Well, not every television show. If it’s a well-written show like Law & Order Criminal Intent or Mad Men, I don’t bother. But if it’s a good show that’s suffering from inconsistent characterization… well, that’s another matter entirely.
Like Glee. I love Glee. It’s a fun show, punctuated with music and just as over the top as high school seems to you when you’re in it. Really, think back on it – you might not have walked down the hall singing, but I’m pretty sure that having a date to the dance was the biggest thing in the world. And every test failed, every breakup, ever snub seemed like the worst thing that ever happened to you.
And while Glee knocks out a few great episodes a season, the rest waver between good to meh. And usually not because of the overall plot of the episode- it’s the character reactions that make no sense.
Take last night’s Prom episode, “Prom Queen”. (spoilers, if you keep reading)

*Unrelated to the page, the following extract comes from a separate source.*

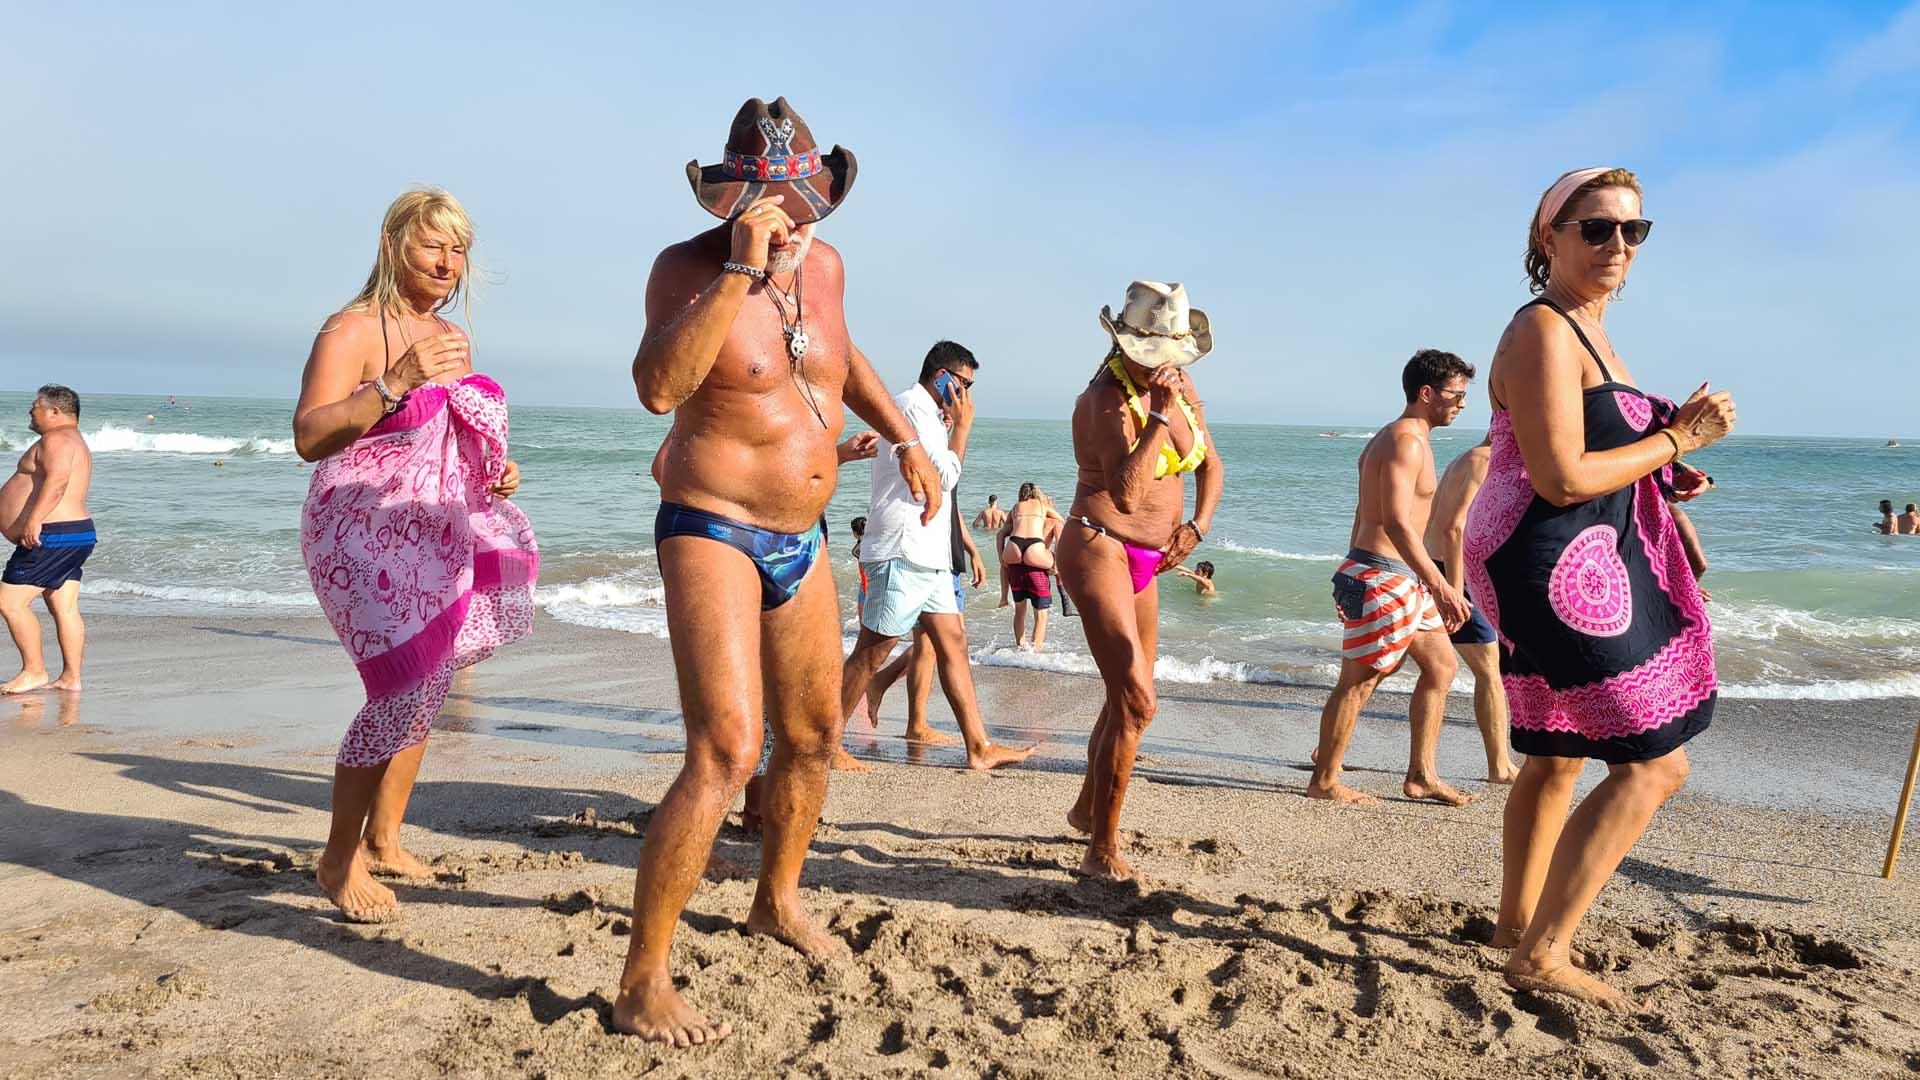 El sábado, los agentes de control cerraron la playa Cabo Corrientes por exceso de turistas. También un acceso de Playa Grande para evitar aglomeraciones de personas

I can believe that the kids at McKinley would be cruel enough to vote Kurt Prom Queen to embarrass him and hurt him. However, I do not believe that the Kurt Hummel we know would have immediately run out in tears. In my mind, Kurt should have walked up, taken the crown… knocked out his joke and worn a brave face. Maybe bowed out of the dance (I admit I’m a little unhappy that he’s trying to push Karofsky out when he’s obviously not ready). Tensions would have died down, and when he and Blaine had a moment to talk, he would have then broken down crying- and explained that he tried to make things right for Blaine. That he knew they couldn’t just leave, that they couldn’t give the bullies that satisfaction. Just seems much more like Kurt.
Of course, the whole announcement lead to a bigger problem for me. Yes, McKinley is an over the top school. However, Figgins runs the school much like most principals would (except for his fear of vampires). It was extremely hard for me to believe that Figgins wouldn’t have looked at the name and stopped everything right then and there. Not only that, but where was Mr. Shue during all of this? I know that they wanted the kids to have the chance to work out this stuff with minimal interference from the adults, but it seemed unbelievably odd that Will wouldn’t have been there to cheer the kids on.
Also, my last quibble about the events of last night’s episode… I loved that Artie couldn’t actually bring himself to spike the punch, and used lemonade. But Sue was gone from the Prom for all the time and Puck didn’t manage to spike the punch? Because honestly, in my mind I thought that Puck knew that his plan was going to fail and that Artie would get caught, but it’d give him the chance to spike it and be seen spiking it.
Honestly, I love Glee. I get Glee. But every other episode or so, I find myself wondering why these scripts are making it out of the writer’s room with so many glaring errors. I see why they made Quinn revert to being a bitch. There are plenty of girls who see a chance to be popular and take it, even knowing they’re going to step on their friends to do so (and even after a major life change like the pregnancy). But there was never a scene early on in the season where Quinn said so. Instead, she was a bitch and somehow nobody cared- not even Mercedes who’d taken her in.
I don’t mind Finn dumping Rachel and getting back with Quinn. There are plenty of guys who have Betty & Veronica syndrome in high school. And frankly, they’re at least showing that Finn’s trying to do the right thing in both- support Rachel as a friend and try to be a good boyfriend to Quinn. I don’t mind the additional characters. Zises is a good foil, and she gives Puck something to do that doesn’t involve splitting up a relationship. Sam… I could do without. (One note about Sam- in Rumours, it came out that Sam’s family is broke and barely scraping by, so he hocked his guitar. What happened to the Justin Beiber Experience? As silly as it was… he was making a lot of money. It seems odd that Sam wouldn’t start it up again to try to help his family)
It honestly seems as though aside from Kurt, Rachel and Finn, the writers really don’t have a clear image of who the characters are. It seems like they’re in such a rush to get the numbers choreographed, recorded and filmed that they’re skipping over the plots – which are just as important.
I’m not giving up on Glee. The episodes that shine, the moments that make me smile are still worth the DVR spot. But it makes me sad that there’s a writer’s room where in the second season, somehow they just aren’t all on the same page with who the characters are.